▶ **Task**
Give back each line of the data exactly as it reads, minus the pictures.

BEGIN Supplied data

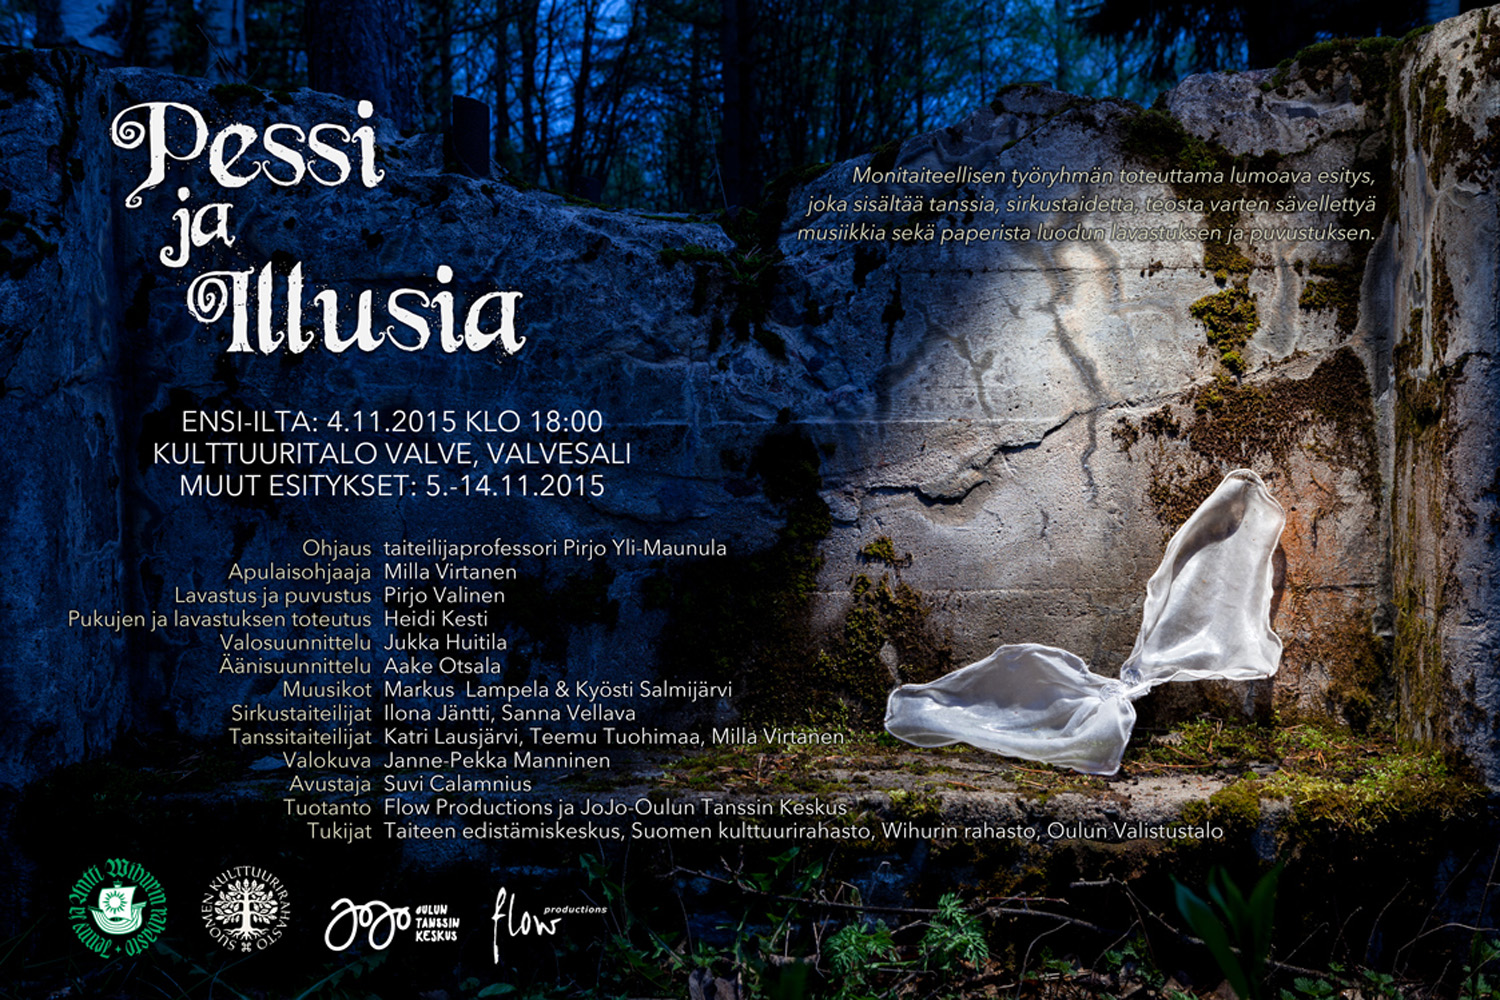  Flyer for Pessi ja Illusia. 
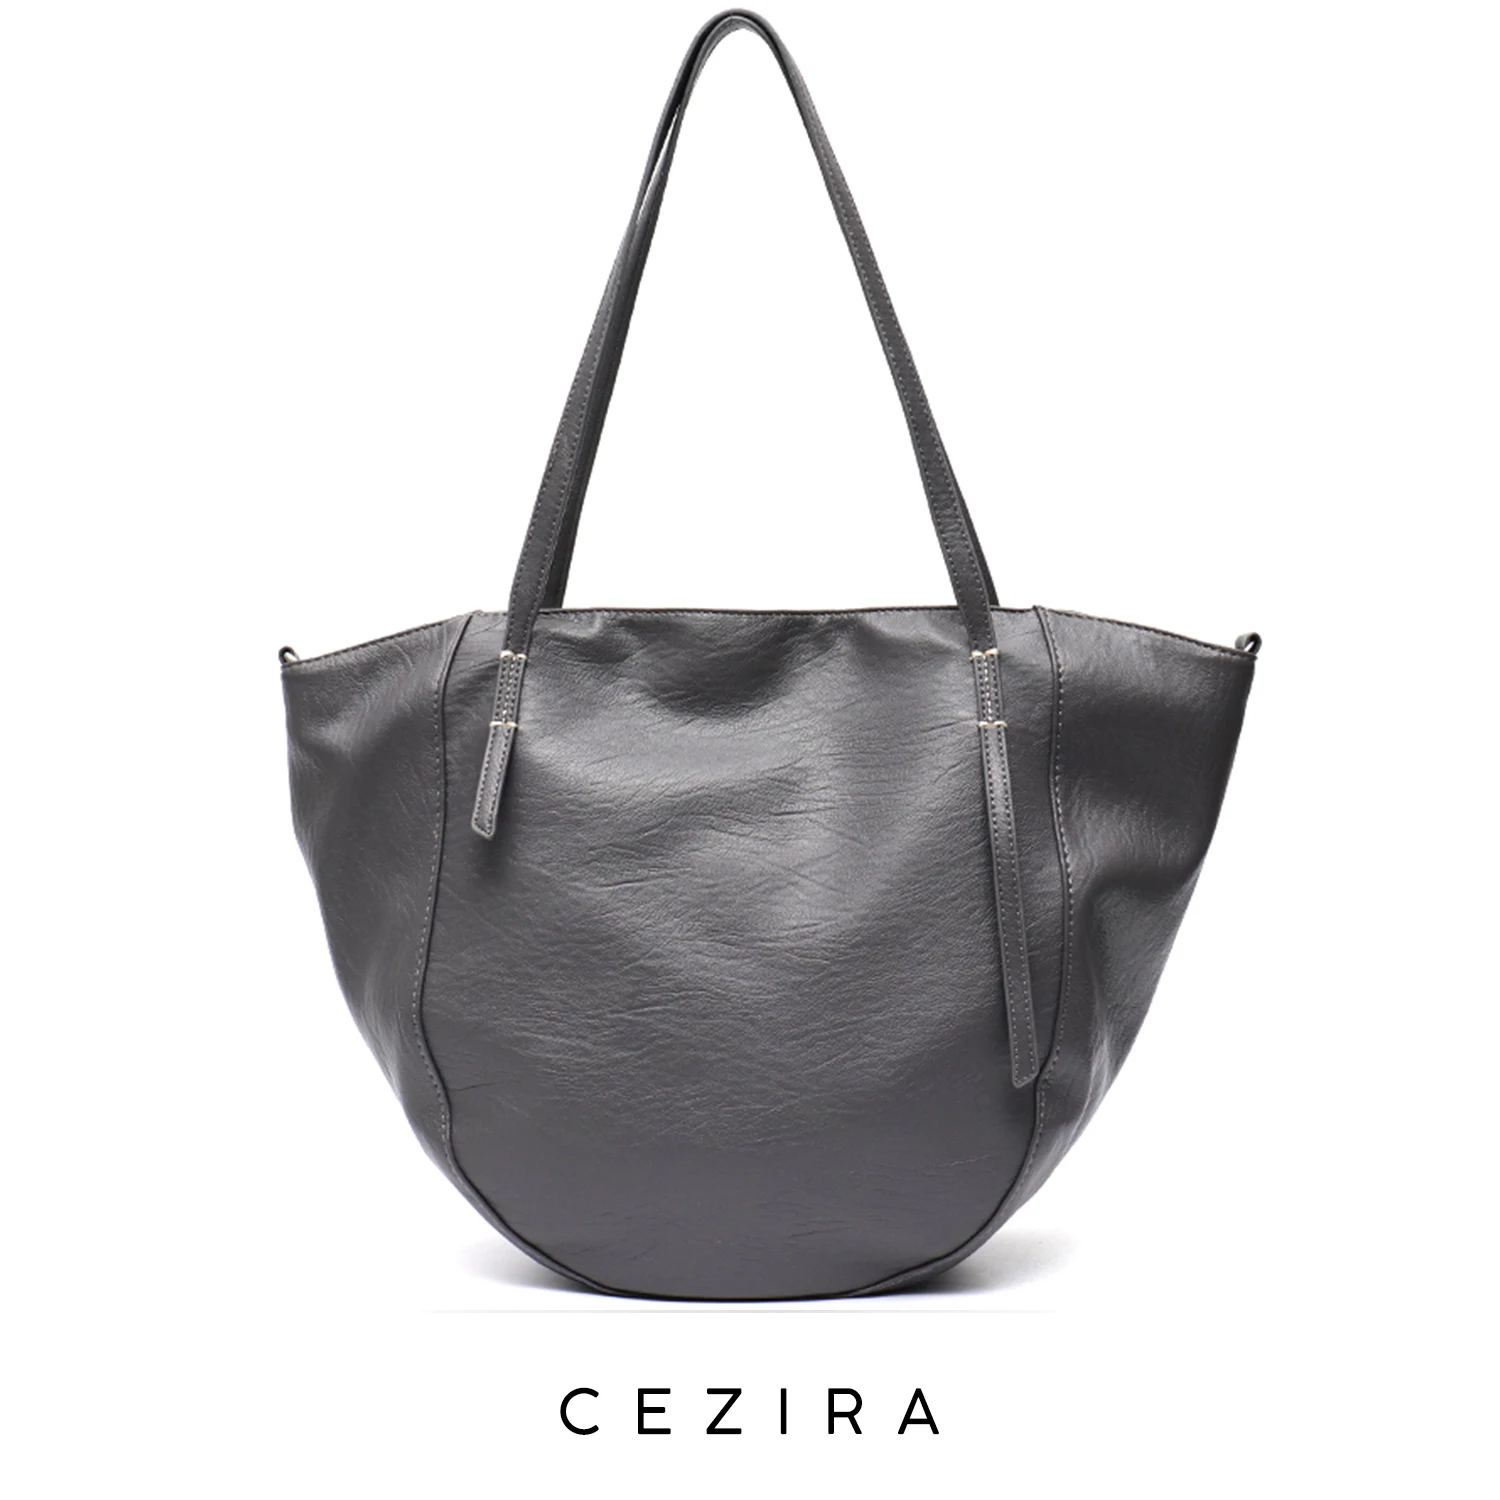 

CEZIRA Women Soft PU Vegan Leather Tote Casual Large Shoulder Handbags Ladies Daily Shopping Travel Hobo Bags Zipper Inner Purse
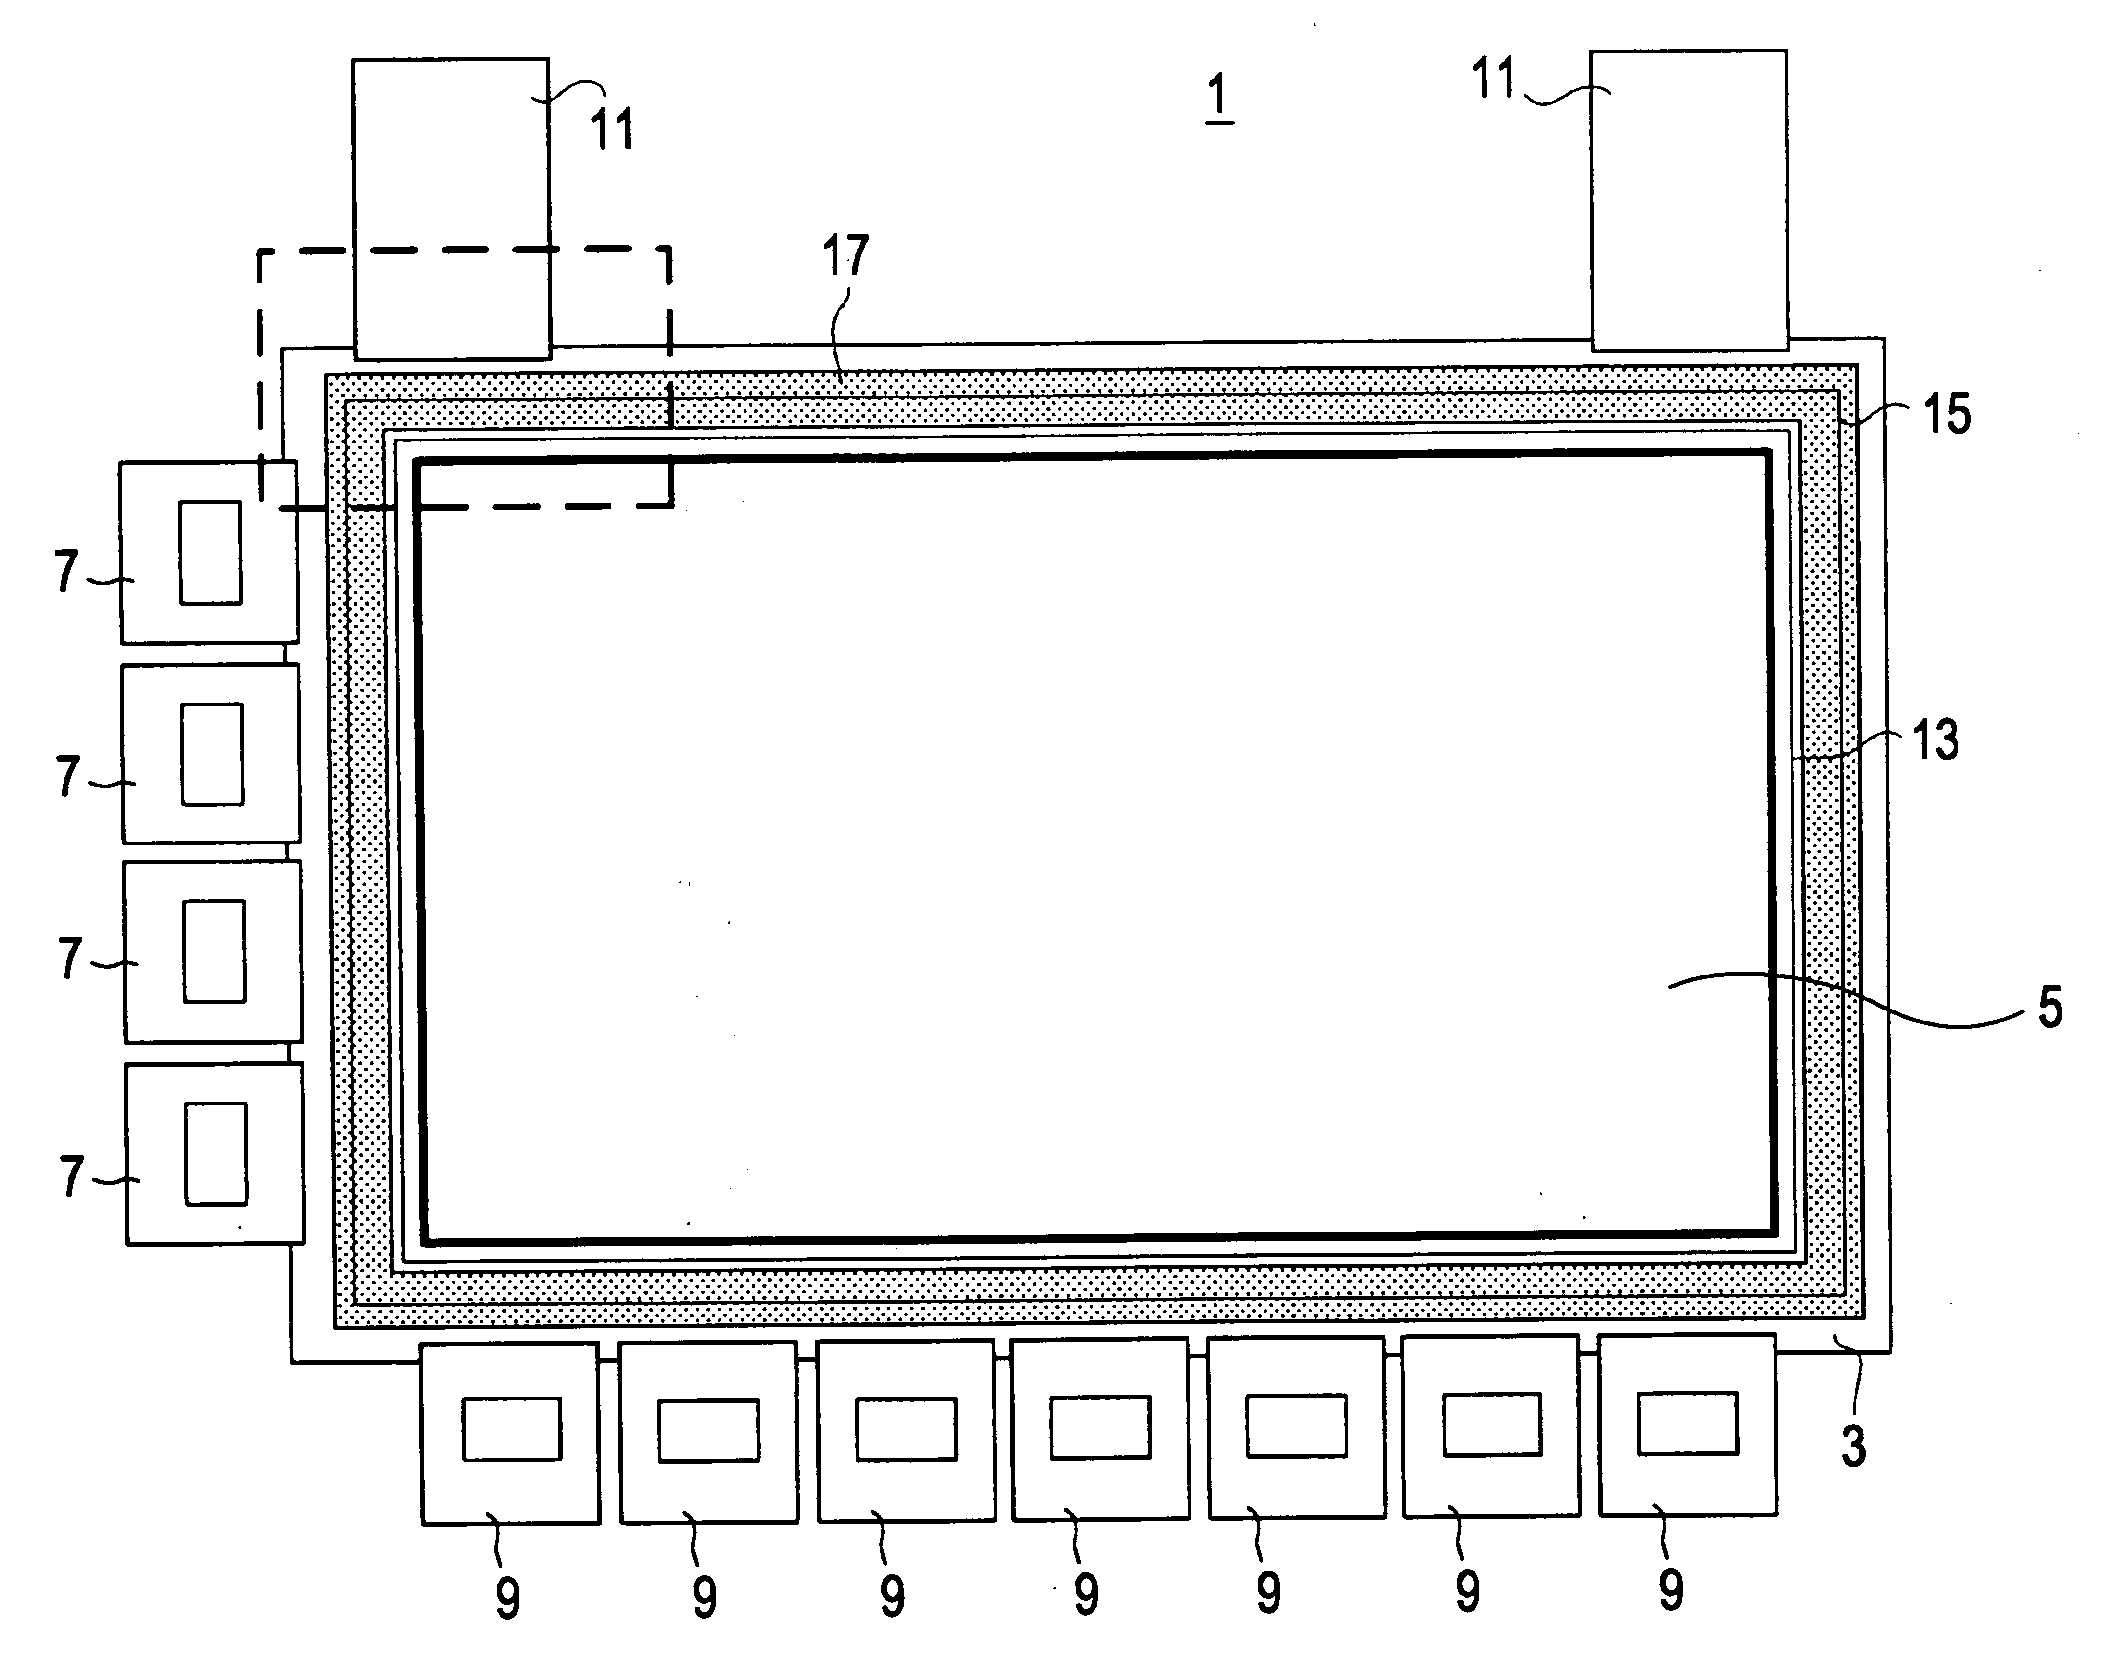 Display panel, electronic device, and mehtod of making display panel

END Supplied data

▶ **Solution below**
  Flyer for Pessi ja Illusia. 

CEZIRA Women Soft PU Vegan Leather Tote Casual Large Shoulder Handbags Ladies Daily Shopping Travel Hobo Bags Zipper Inner Purse
 Display panel, electronic device, and mehtod of making display panel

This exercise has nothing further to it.